Abraham Lincoln
If given the truth, the people can be depended upon to meet any national crisis...
Guildford news...
for Guildford people, brought to you by Guildford reporters - Guildford's own news service
In response to: Large, Controversial Developments Planned for Guildford – Will Infrastructure Cope?
I first came to Guildford in 1954, aged six, to spend time with my cousins.
I came to live in Guildford some 32 years later, in 1986. At that time the slip road joining the A3 to the London Road had a large sign adjacent to it stating “Martin Grant Homes coming soon”.
Here we are a further 39 years on and the likelihood of the significant development is getting ever closer to the exhortation “coming soon” whether a threat or a promise.
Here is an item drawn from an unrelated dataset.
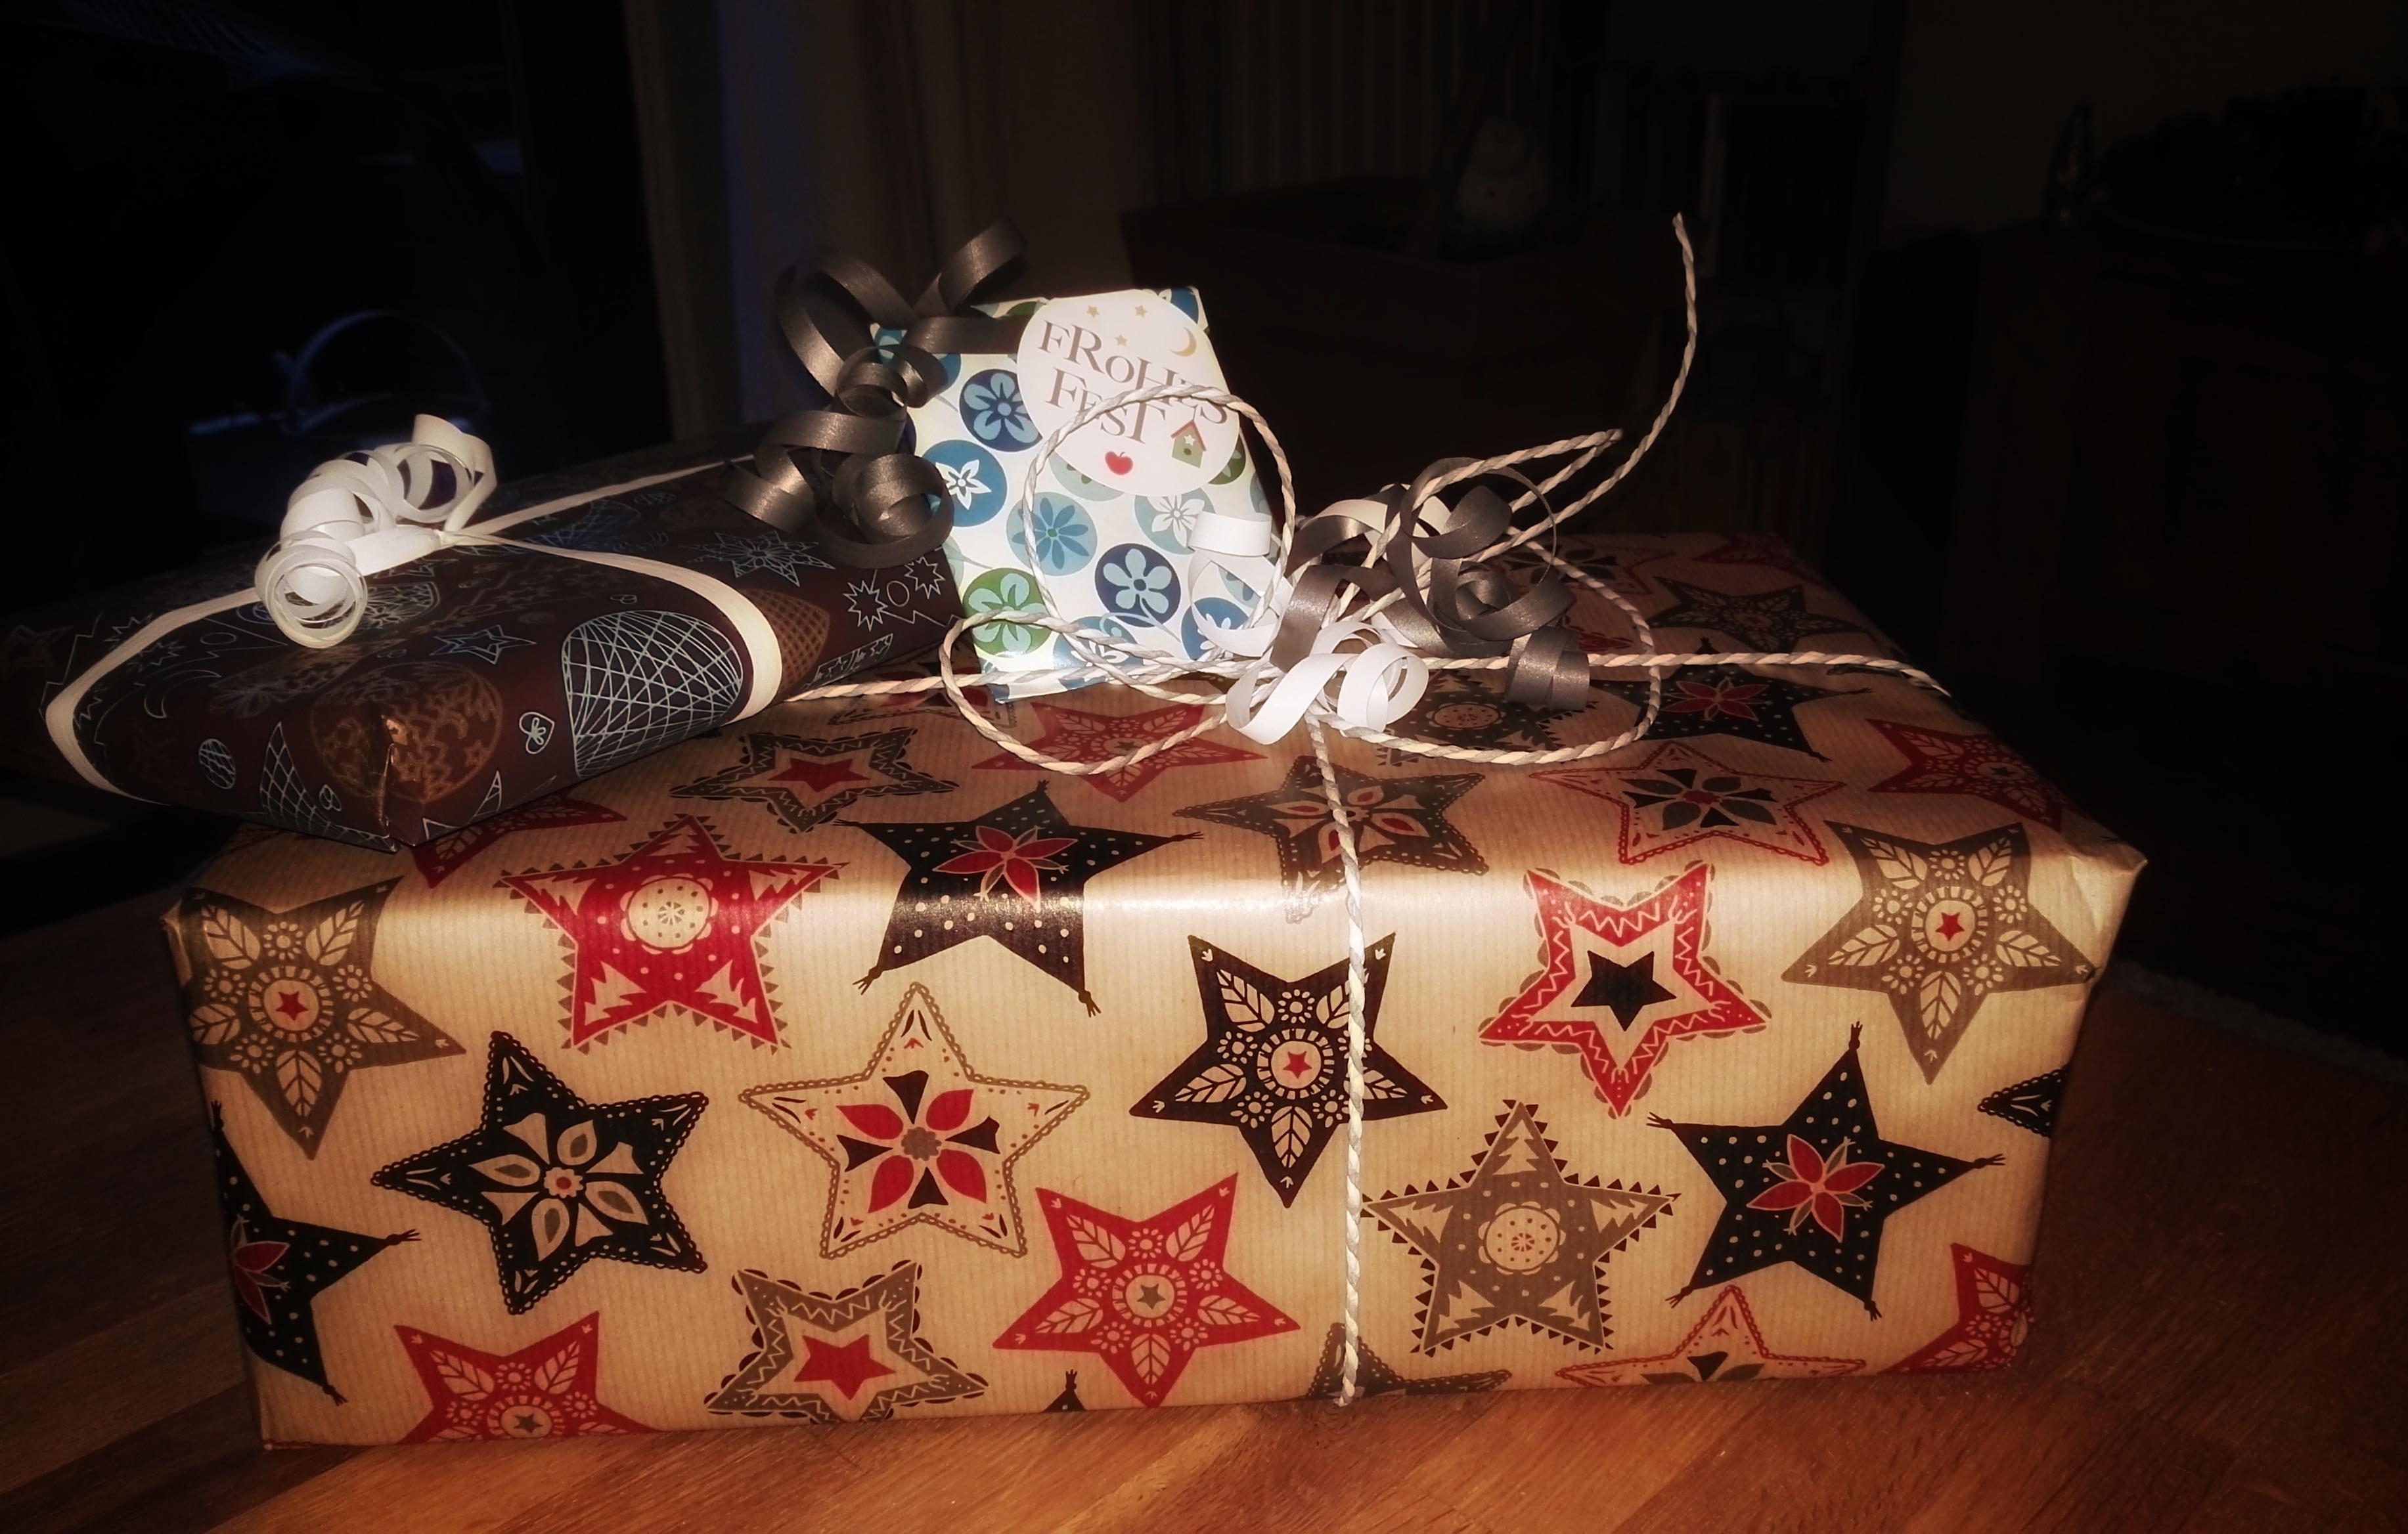 #Weihnachtsgeschenke schon alle zusammen? Oder werden die am Samstag geshoppt? 😀

What has changed? The planning process has been liberated in favour of development, which, depending on one’s viewpoint, is either to be welcomed or opposed.
The possibility of homes for local people may also be on the horizon but will they be able to afford them? Places for Travellers will be made – a good idea or not, the jury is out I suspect on this one. Provision is also to be made for Education and medical facilities but will the Education Service or the NHS take up the opportunity, neither has to.
What hasn’t changed is the local infrastructure. The local roads are as they were in 1954 – indeed, probably in the case of the London Road as it was in late Victorian times. However they are hugely busier.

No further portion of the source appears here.